Collected material:

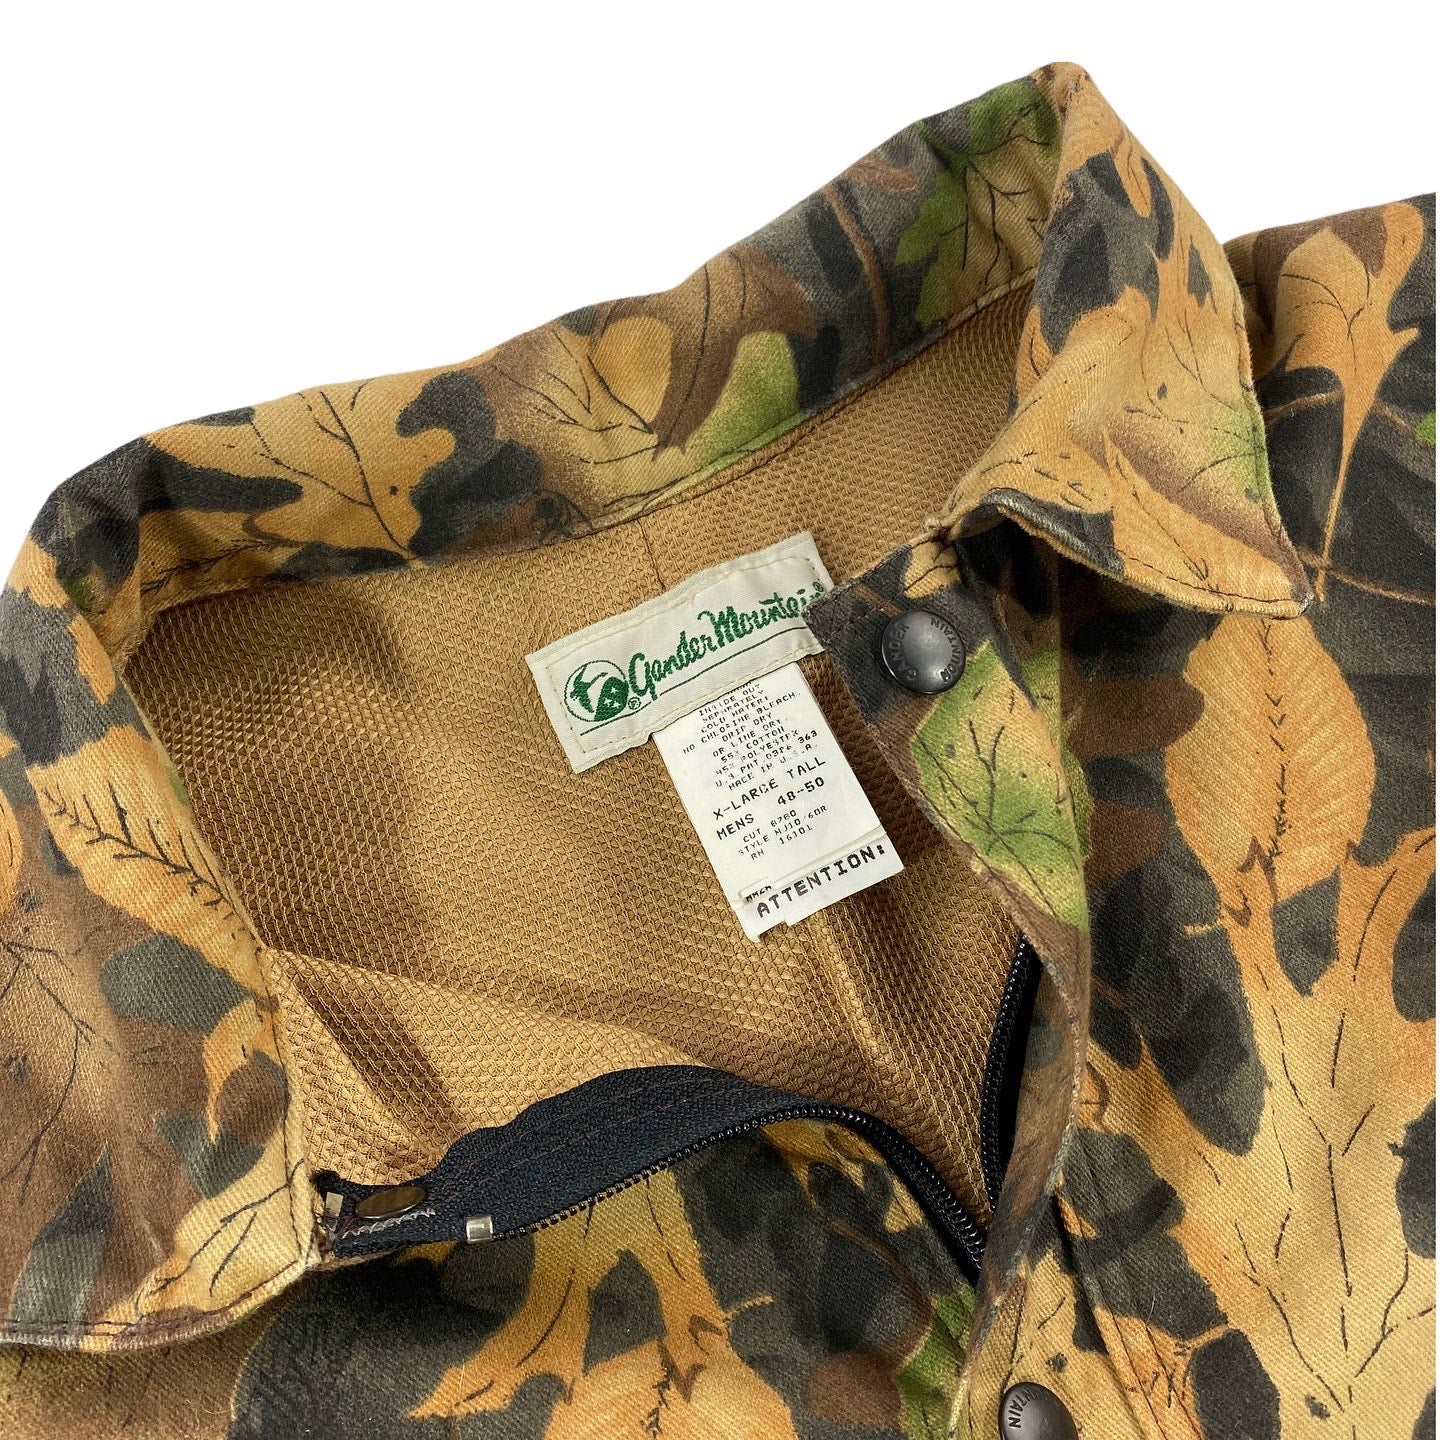 Leaf camo jacket. Made in usa🇺🇸 XL
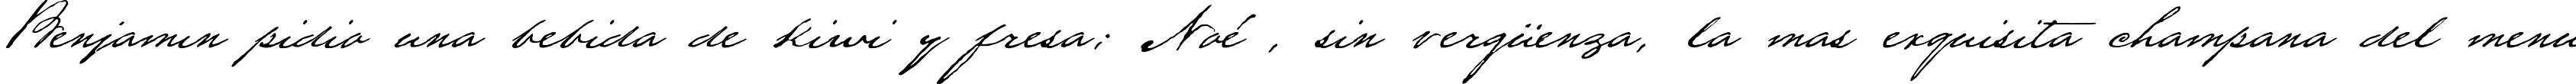 Пример написания шрифтом HoustonPen текста на испанском
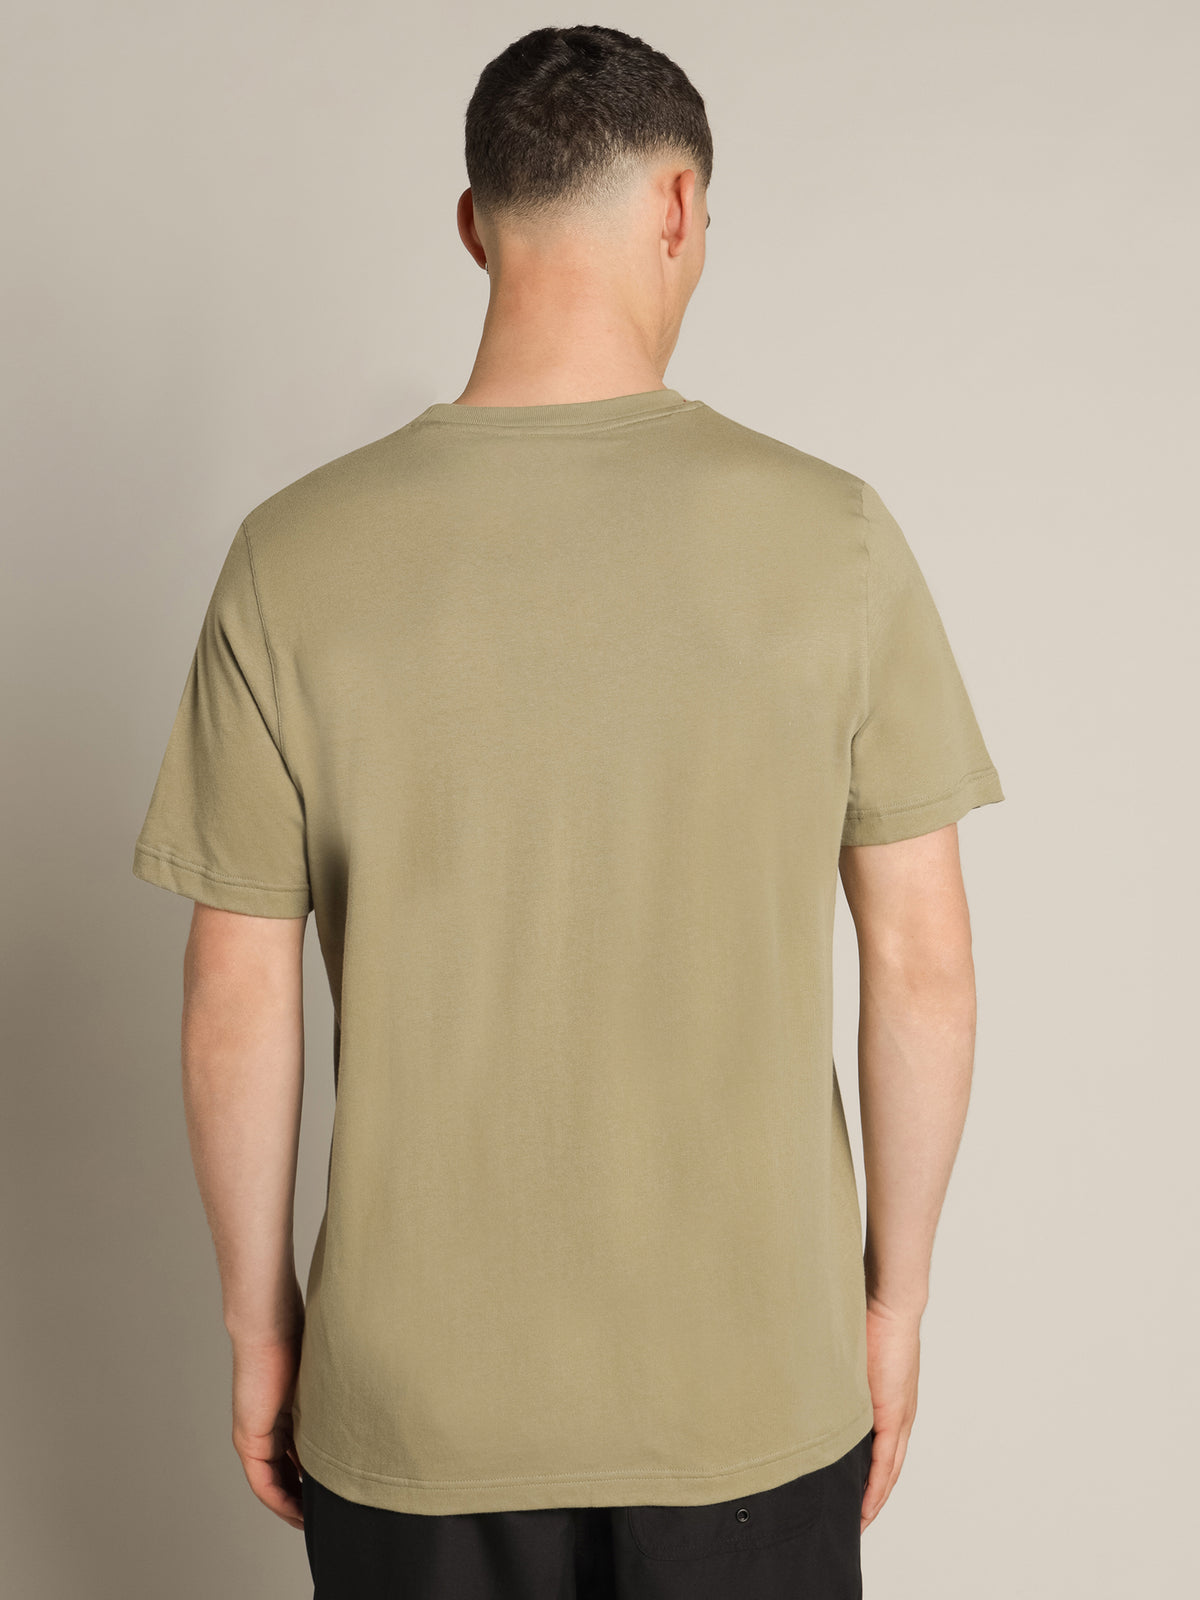 T-Shirt in Orbit Green

Exercise: Retype only the lines from the line with "Пример написания шрифтом" through the last line of the data. Keep both ends and skip the pictures.

Result of this exercise:
 Пример написания шрифтом HoustonPen текста на испанском
 T-Shirt in Orbit Green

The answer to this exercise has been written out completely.